India’s primary instrument for this purpose, the Geographical Indications of Goods (Registration and Protection) Act, 1999 (hereinafter ‘GI Act’), grants protection to goods whose quality, reputation, or characteristic is essentially attributable to their geographical origin.[4]
While this framework affords meaningful protection against mislabelling, preventing, for example, the sale of a Surat-woven fabric as ‘Banarasi’ , it provides no cognisable remedy when a Paris-based house extracts the motif system of Banarasi brocade and incorporates it into a couture collection manufactured elsewhere.[5]

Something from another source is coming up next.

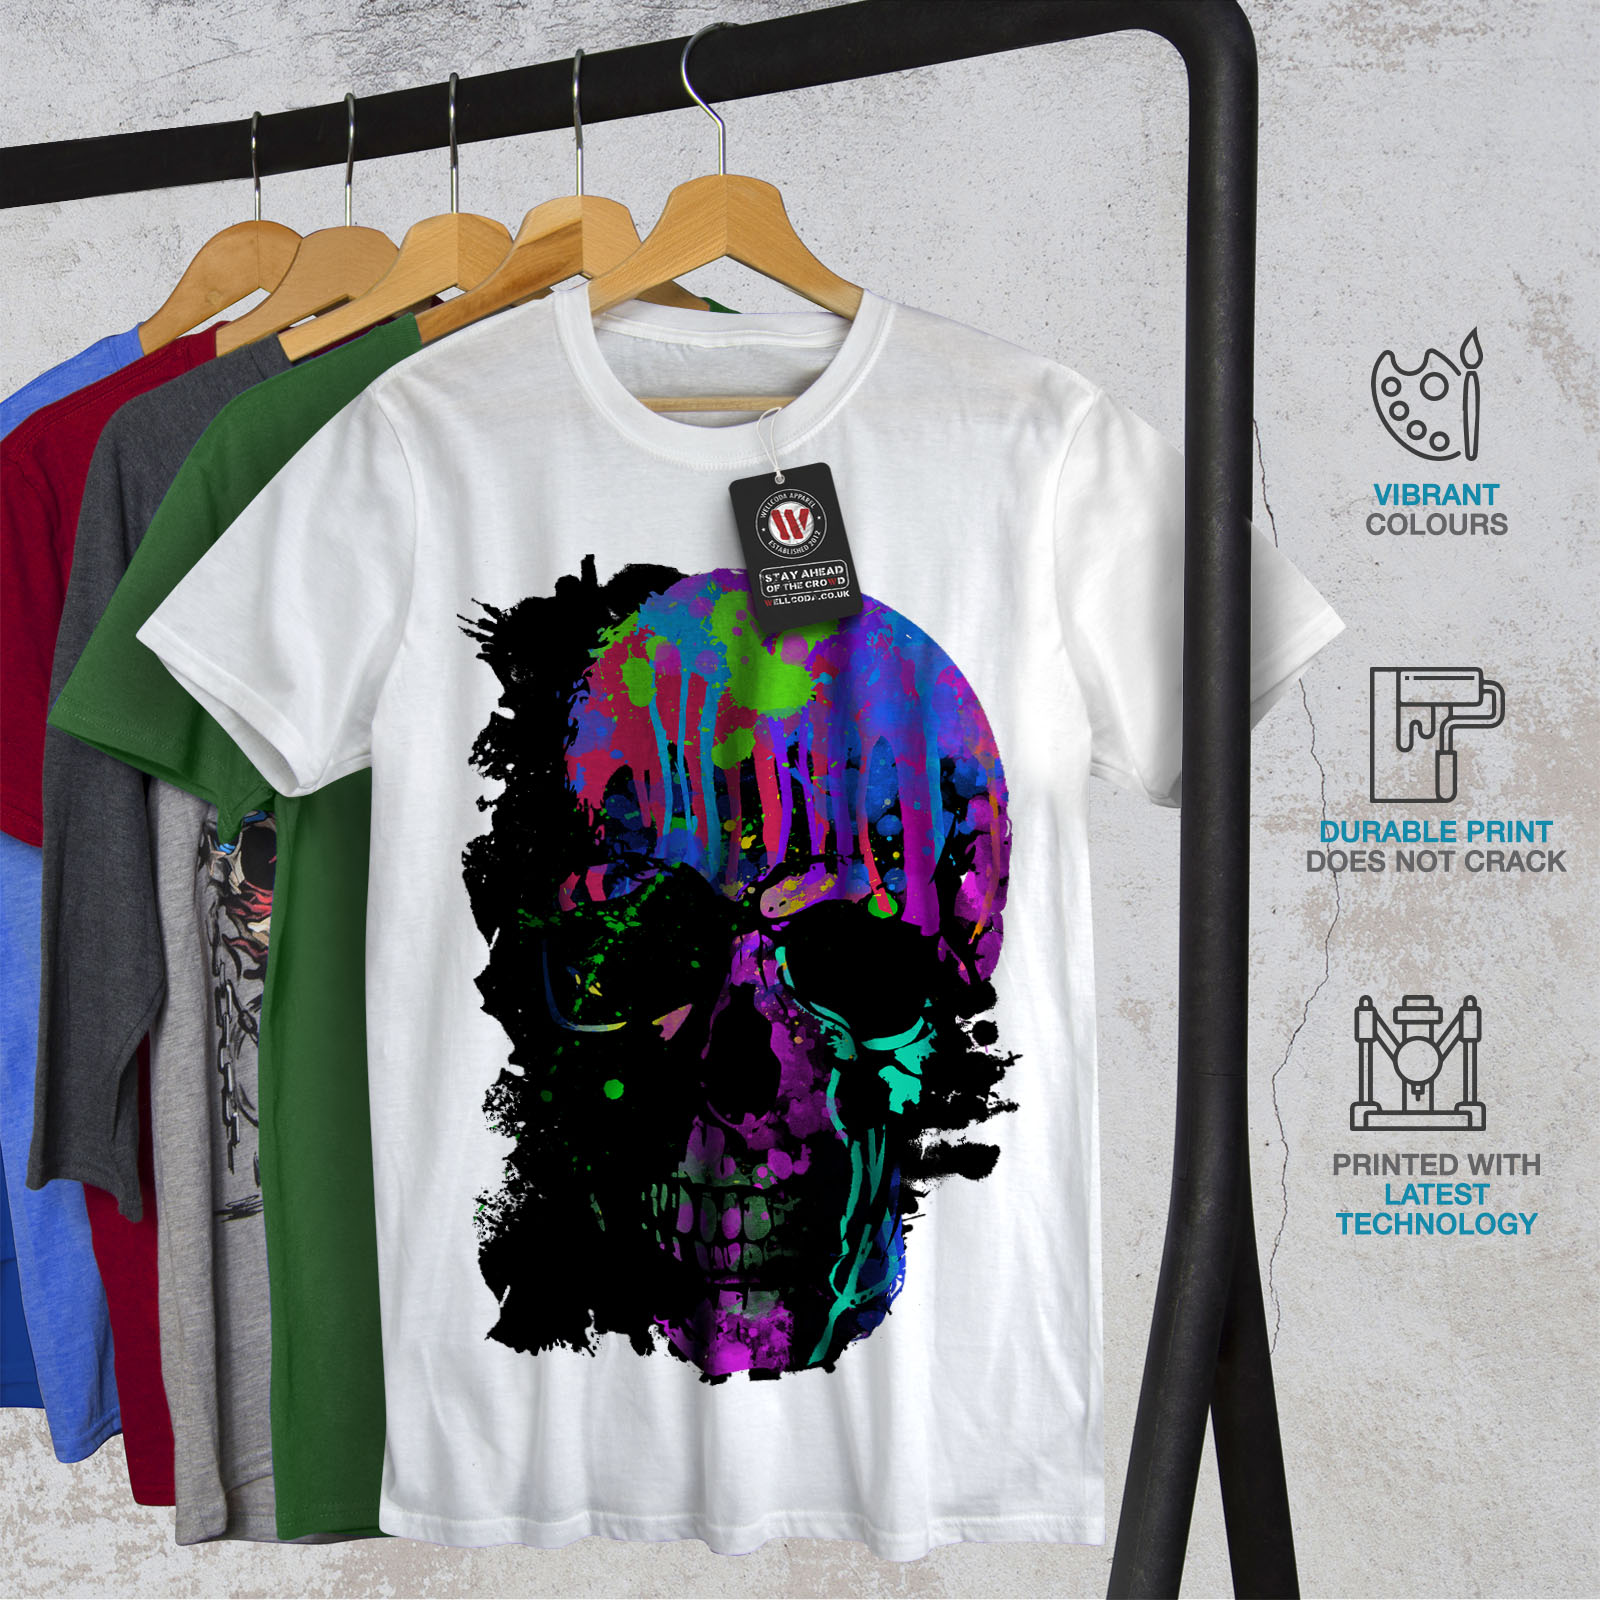 Wellcoda-Skull-Artsy-Mens-T-shirt-Neon-Night-Graphic-Design-Printed-Tee thumbnail 12
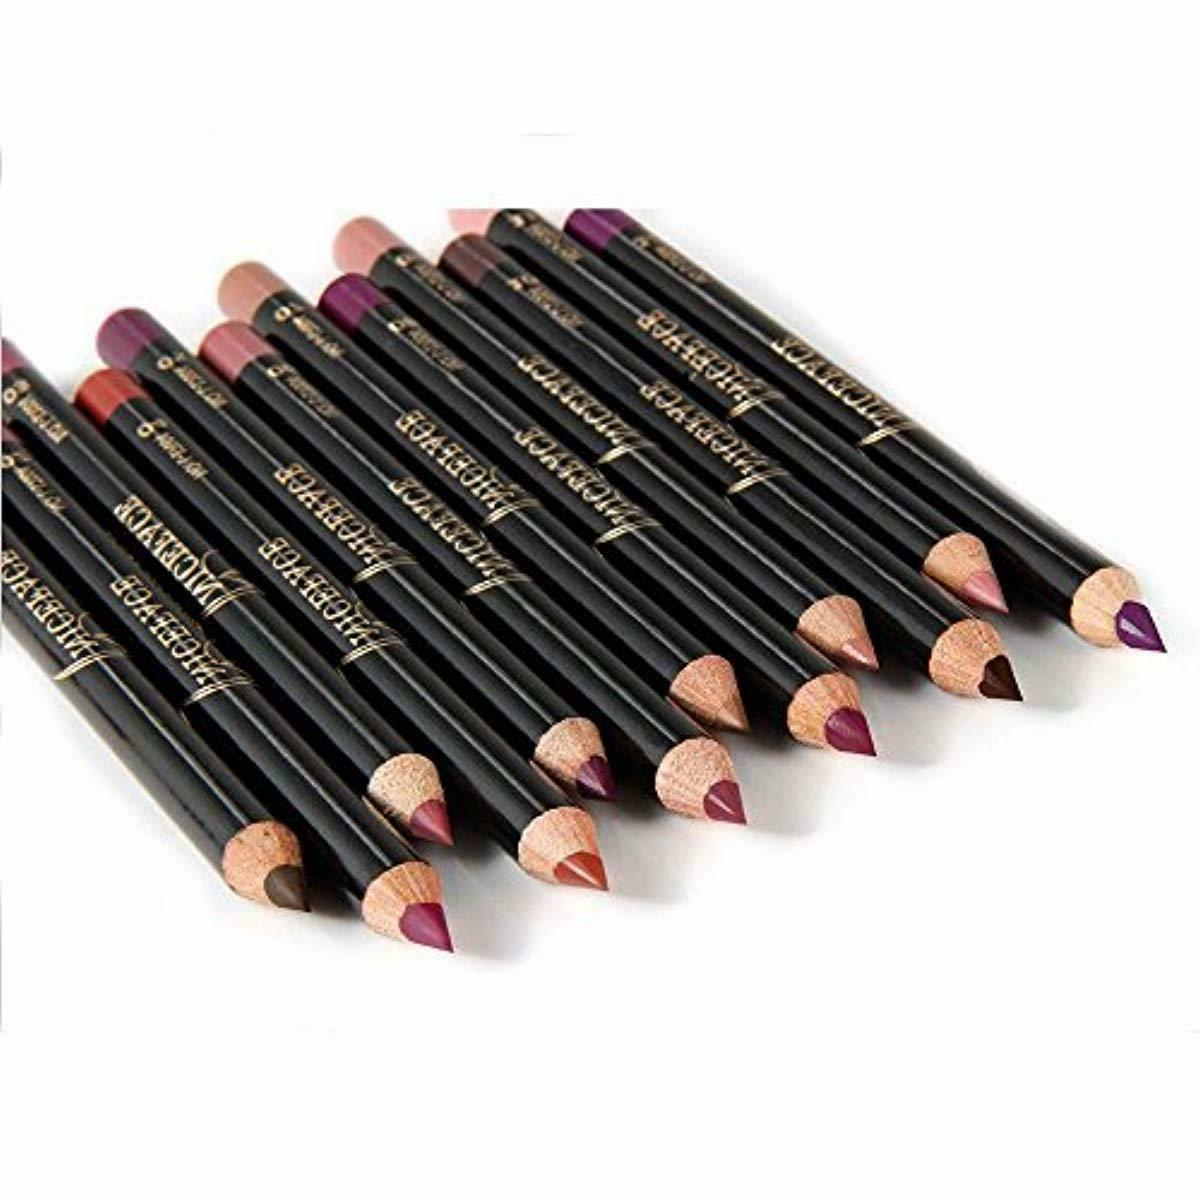 NICEFACE 12 Color Pencil Soft Waterproof Smooth Lip Lipliner Pen

This article poses the following research question: Does India’s existing GI regime adequately protect the design and motif dimensions of traditional textiles from global luxury brand misappropriation, and if not, what sui generis reforms are warranted? The article proceeds as follows: Section II establishes the background and conceptual framework, surveying relevant statutes and prior scholarship. Section III conducts the core legal analysis. Section IV examines pertinent case law. Section V offers critical analysis and findings. Section VI concludes with reform recommendations.
Background and Conceptual Framework
The international legal framework for Geographical Indications (GIs), anchored in TRIPS Articles 22–24, mandates that WTO Member States prevent misleading origin claims.[6] India operationalized this through the GI Act, 1999, and the 2002 Rules, defining GIs as signs identifying goods with qualities essentially attributable to their specific geography.[7]
The GI Act defines a geographical indication as a sign used on goods that have a specific geographical origin and possess qualities, reputation, or characteristics essentially attributable to that origin.[8] The statute establishes two principal categories of registrable applicants: associations of persons or producers representing the interests of the producers of the goods, and authorised users who are entitled to use the registered indication. Enforcement of these rights is further operationalised through the Geographical Indications of Goods (Registration and Protection) Rules, 2002, which prescribe the procedural framework governing registration, opposition, and protection.[9]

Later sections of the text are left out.